YOUR GOAL: Please give back, word for word, only the lines starting at the one containing "Standard『仮面ライダーゲンム アクションゲーマー レベル2』プラモデル-005" and ending at the one containing "Segesta e gli" within the material below.

ENTRIES SHOWN:
————————

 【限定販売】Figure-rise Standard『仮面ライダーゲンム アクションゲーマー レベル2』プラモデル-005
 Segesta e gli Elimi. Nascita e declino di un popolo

————————

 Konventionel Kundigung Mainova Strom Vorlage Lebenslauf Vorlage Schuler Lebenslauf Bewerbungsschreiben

————————

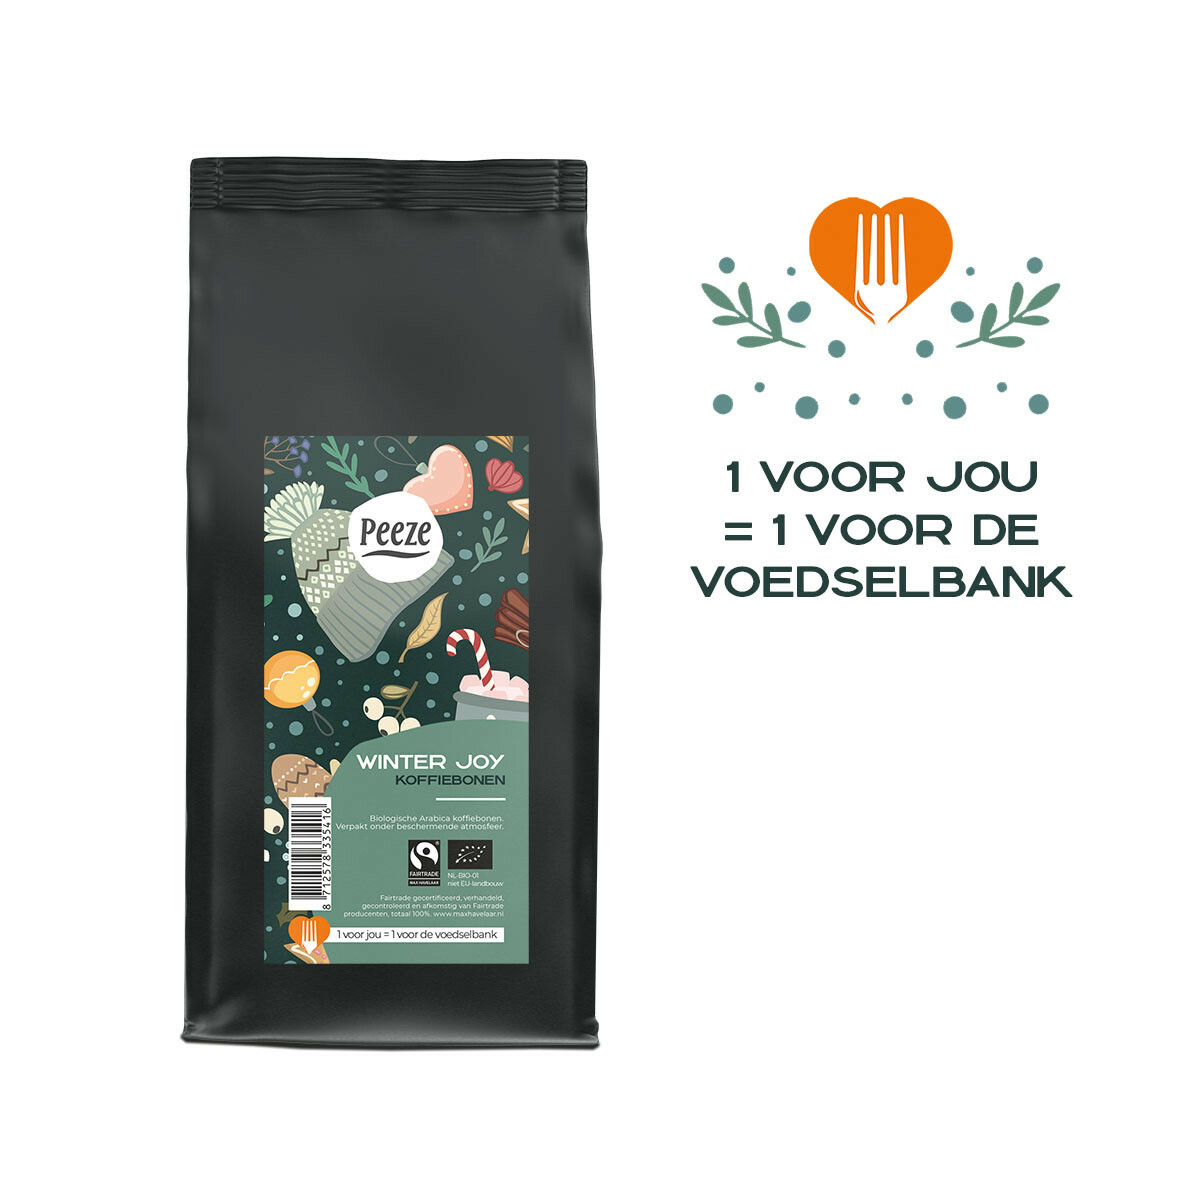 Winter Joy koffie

————————

RESULT OF THIS TASK:
 【限定販売】Figure-rise Standard『仮面ライダーゲンム アクションゲーマー レベル2』プラモデル-005
 Segesta e gli Elimi. Nascita e declino di un popolo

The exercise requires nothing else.